Cass Civ 3ème, 29 Janvier 2003 et Cass Civ 3ème, 21
Mai 2003, Rep Defr n°19, page 1275, n°37819
BAIL PROFESSIONNEL
Bail – contrat à exécution successive
– engagements non exécutés par le bailleur –
résolution
Dans cet important arrêt, la Cour de cassation
rappelle la différence qui existe entre la résolution et
la résiliation d’un contrat à exécution successive.

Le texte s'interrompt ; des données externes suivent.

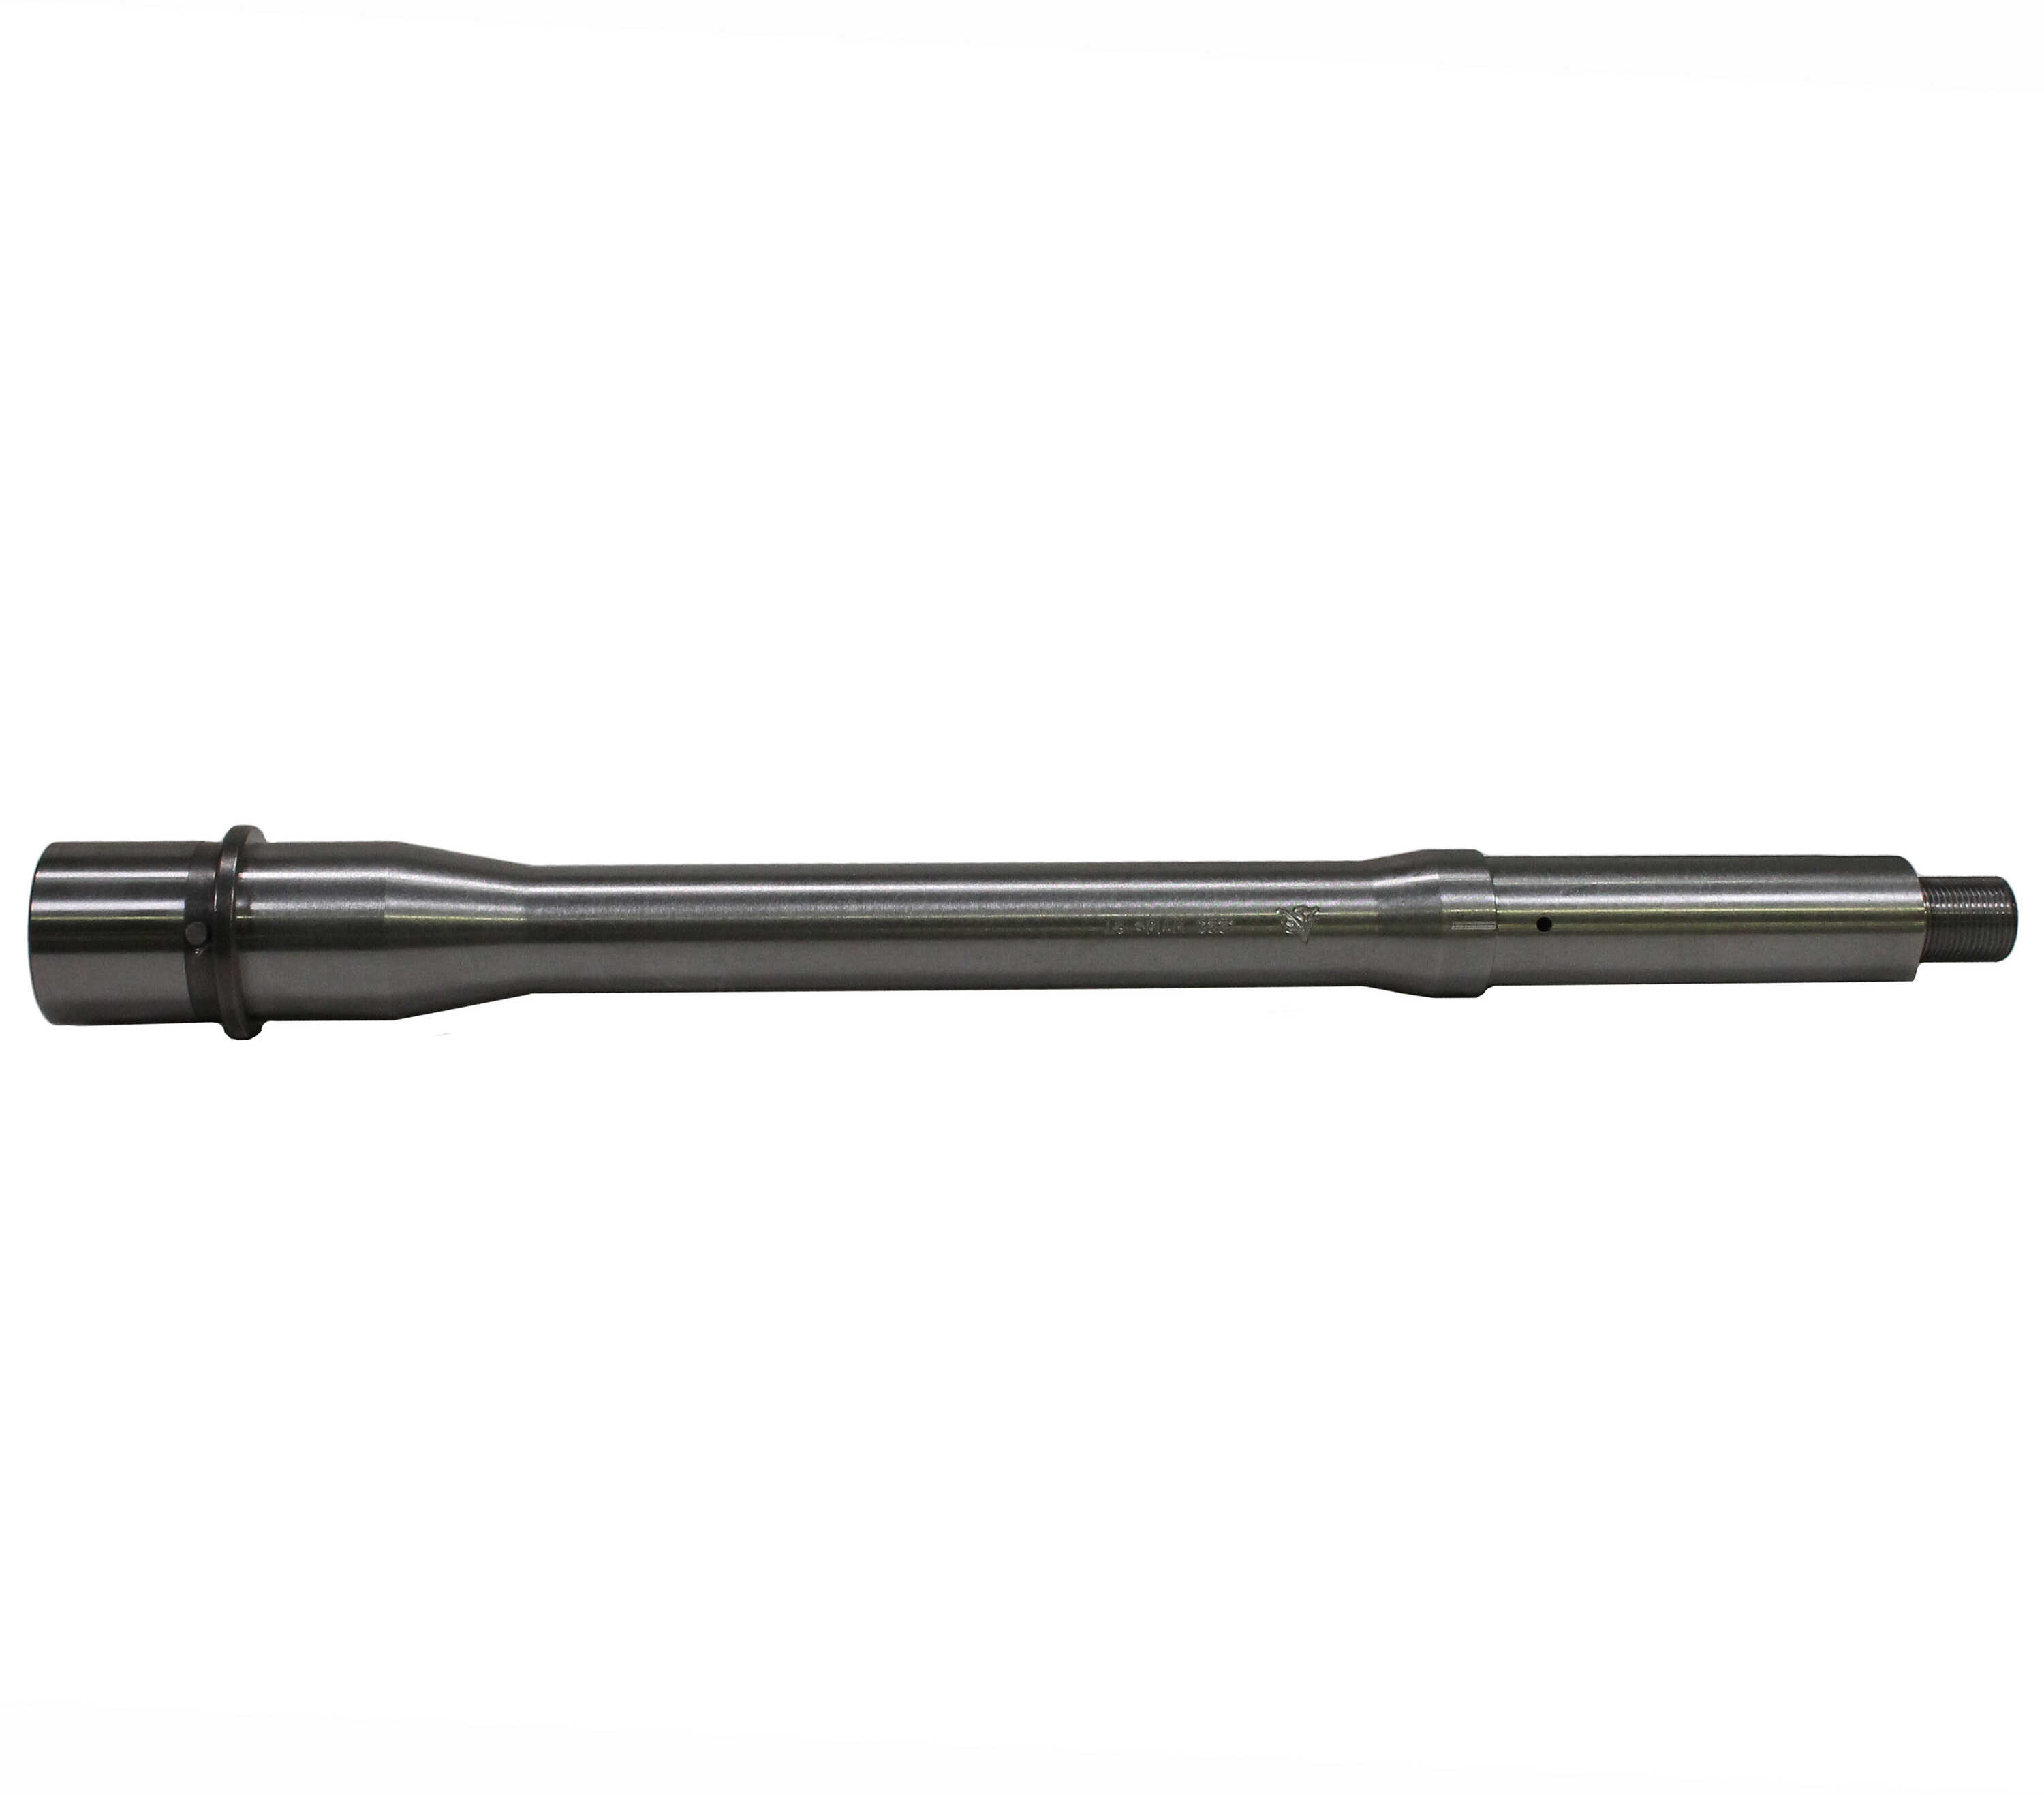 Odin Barrel Pistol .223 WYLDE 10.5" Medium Profile Carbine

En l’espèce, un bail professionnel (contrat à exécution
successive) avait été conclu, aux termes duquel le bailleur
s’était engagé à permettre au preneur l’accès
aux locaux par un ascenseur et un escalier. Or, jamais les travaux n’avaient
été exécutés et le preneur avait demandé
la résolution judiciaire du contrat. Puisqu’il n’avait
jamais obtenu la délivrance du local tel que promis par le bailleur,
il y avait mauvaise exécution de l’obligation de délivrance
dès l’origine, ce qui justifiait la résolution du
contrat de bail. L’obligation de payer les loyers disparaissait
corrélativement et il ne lui restait à payer au bailleur
qu’une compensation de l’avantage procuré, soit la
valeur de l’occupation du local.
Alors qu’il a parfois pu être considéré que
les contrats à exécution successive ne pouvaient pas donner
lieu à résolution mais uniquement à résiliation,
la Cour de cassation confirme au contraire que de tels contrats peuvent
être résolus, ce qui entraîne la sanction très
lourde de leur anéantissement rétroactif.